WHAT TO PRODUCE:
Look through the data that follows and copy each line with the string "Button".

START RECORDS SUPPLIED

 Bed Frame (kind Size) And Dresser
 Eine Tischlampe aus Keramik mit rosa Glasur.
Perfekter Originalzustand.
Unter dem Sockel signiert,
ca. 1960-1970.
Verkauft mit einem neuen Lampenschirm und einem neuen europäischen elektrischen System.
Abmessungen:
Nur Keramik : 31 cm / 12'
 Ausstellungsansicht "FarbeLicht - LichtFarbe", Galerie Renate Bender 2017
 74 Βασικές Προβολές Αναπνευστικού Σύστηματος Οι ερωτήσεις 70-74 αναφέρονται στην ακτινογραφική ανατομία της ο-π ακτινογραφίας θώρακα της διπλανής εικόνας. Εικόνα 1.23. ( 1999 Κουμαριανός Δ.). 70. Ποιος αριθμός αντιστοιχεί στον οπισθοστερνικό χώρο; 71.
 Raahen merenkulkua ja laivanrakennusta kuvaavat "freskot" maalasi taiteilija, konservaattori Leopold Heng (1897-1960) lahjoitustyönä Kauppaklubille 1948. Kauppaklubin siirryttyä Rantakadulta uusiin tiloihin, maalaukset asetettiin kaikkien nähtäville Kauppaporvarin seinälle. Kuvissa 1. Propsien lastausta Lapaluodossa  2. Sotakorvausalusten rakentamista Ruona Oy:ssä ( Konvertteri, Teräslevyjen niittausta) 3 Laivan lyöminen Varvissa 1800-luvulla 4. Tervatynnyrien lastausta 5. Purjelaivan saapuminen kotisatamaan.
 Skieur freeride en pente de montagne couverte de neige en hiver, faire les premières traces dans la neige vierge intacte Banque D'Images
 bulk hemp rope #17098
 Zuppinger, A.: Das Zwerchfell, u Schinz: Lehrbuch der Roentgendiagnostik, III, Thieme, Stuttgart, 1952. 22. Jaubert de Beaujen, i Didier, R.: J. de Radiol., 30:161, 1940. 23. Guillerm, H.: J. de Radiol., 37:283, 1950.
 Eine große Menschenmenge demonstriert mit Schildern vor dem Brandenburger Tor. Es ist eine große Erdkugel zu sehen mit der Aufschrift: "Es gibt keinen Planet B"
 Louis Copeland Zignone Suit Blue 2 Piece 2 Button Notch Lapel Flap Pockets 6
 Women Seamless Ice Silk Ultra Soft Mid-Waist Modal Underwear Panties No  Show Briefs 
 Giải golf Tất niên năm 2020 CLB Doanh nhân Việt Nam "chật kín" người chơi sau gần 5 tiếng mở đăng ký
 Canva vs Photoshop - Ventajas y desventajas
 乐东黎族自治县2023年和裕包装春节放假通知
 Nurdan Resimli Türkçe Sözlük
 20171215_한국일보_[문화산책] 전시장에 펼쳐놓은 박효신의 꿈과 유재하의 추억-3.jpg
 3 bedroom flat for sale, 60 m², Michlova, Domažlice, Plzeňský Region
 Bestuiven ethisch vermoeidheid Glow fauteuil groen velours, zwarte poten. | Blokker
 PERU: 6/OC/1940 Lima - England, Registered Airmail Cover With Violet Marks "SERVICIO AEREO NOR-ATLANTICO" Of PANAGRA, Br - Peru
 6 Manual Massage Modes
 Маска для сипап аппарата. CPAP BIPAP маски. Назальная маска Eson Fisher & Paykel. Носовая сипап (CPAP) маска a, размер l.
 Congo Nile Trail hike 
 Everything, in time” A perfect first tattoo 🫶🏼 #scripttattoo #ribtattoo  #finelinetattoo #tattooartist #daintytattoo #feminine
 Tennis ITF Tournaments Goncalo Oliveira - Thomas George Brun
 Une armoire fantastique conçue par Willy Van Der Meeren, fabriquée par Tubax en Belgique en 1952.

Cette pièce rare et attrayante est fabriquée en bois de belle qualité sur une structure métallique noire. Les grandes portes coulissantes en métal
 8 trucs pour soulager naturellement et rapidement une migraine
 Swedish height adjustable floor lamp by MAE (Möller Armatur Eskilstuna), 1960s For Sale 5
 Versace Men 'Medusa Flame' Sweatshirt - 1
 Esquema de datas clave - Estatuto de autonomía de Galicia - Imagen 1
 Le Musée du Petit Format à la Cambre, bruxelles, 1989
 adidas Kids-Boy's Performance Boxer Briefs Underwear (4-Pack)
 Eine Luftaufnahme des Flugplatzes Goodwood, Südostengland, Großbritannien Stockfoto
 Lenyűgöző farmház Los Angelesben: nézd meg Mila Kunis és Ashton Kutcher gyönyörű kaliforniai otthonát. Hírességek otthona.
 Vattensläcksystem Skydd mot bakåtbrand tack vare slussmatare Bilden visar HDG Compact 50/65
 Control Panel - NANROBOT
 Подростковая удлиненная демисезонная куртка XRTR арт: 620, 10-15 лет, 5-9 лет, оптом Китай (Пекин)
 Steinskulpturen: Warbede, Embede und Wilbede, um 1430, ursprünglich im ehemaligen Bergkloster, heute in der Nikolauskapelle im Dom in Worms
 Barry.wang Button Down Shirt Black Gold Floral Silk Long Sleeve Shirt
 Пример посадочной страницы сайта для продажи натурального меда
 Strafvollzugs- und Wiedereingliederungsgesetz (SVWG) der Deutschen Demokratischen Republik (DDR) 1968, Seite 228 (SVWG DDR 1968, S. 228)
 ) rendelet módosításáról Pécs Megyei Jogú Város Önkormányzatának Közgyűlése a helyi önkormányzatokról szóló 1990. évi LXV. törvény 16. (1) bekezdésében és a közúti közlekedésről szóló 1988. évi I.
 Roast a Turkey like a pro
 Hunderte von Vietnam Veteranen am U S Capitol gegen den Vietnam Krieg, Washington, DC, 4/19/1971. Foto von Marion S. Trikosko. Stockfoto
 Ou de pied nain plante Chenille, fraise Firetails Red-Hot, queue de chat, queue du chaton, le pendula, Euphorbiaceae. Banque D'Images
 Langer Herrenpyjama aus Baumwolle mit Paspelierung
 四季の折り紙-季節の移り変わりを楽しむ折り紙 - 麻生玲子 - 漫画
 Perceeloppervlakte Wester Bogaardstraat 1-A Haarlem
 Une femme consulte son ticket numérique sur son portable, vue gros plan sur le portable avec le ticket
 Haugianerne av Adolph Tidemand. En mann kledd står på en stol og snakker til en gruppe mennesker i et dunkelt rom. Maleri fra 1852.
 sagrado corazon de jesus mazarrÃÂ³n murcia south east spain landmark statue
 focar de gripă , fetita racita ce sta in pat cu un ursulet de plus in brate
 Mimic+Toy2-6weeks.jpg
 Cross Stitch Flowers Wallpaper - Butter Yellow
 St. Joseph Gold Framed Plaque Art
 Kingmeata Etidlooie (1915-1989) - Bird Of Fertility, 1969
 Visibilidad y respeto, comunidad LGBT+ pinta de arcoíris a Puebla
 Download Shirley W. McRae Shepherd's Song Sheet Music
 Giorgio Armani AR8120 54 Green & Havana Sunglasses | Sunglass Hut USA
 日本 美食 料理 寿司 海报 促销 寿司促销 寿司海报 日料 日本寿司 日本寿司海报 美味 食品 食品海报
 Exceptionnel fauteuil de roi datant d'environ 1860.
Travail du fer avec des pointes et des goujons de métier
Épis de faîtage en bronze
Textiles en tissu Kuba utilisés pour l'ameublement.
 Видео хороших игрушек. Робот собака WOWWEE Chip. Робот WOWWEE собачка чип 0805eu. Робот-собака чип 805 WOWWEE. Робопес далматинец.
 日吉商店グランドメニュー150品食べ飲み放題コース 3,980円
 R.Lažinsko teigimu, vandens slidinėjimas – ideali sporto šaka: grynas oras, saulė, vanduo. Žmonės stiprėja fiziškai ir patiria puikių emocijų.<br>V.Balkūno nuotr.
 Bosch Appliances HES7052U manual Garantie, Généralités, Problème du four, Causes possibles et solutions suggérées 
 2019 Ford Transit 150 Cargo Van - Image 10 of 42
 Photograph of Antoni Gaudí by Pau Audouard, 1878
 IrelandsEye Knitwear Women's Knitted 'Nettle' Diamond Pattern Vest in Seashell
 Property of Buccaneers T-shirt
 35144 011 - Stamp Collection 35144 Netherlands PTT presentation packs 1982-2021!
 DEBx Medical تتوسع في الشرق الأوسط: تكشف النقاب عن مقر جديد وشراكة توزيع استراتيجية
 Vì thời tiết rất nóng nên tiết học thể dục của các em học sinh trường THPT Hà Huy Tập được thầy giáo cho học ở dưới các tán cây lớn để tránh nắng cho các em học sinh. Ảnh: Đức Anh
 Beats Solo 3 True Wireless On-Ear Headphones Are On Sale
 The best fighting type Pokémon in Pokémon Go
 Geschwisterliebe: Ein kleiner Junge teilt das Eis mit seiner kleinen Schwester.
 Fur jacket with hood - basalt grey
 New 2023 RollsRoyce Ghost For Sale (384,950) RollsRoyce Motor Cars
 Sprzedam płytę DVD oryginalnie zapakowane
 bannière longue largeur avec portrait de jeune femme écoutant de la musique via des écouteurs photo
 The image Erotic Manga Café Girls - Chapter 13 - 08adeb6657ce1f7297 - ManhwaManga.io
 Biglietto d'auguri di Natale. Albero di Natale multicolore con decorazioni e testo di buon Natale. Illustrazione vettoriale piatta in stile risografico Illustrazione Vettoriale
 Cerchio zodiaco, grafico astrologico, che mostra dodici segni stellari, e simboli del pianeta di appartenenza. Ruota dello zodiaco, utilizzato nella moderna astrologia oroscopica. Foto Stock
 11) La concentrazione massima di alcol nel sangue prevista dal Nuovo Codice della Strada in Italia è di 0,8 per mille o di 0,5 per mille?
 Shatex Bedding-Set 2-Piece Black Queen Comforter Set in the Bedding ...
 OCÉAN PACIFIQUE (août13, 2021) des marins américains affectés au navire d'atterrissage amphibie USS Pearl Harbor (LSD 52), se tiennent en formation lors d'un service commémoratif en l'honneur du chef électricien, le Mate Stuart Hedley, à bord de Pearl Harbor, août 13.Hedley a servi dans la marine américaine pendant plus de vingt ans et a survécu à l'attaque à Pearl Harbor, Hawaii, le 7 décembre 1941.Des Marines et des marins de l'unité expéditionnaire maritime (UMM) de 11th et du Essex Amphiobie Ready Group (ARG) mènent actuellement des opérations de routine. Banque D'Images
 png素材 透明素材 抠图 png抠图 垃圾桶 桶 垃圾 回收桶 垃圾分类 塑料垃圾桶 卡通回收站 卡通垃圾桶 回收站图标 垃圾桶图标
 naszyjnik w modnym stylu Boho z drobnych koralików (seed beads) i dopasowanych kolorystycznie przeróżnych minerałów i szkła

END RECORDS SUPPLIED

TASK RESPONSE:
 Louis Copeland Zignone Suit Blue 2 Piece 2 Button Notch Lapel Flap Pockets 6
 Barry.wang Button Down Shirt Black Gold Floral Silk Long Sleeve Shirt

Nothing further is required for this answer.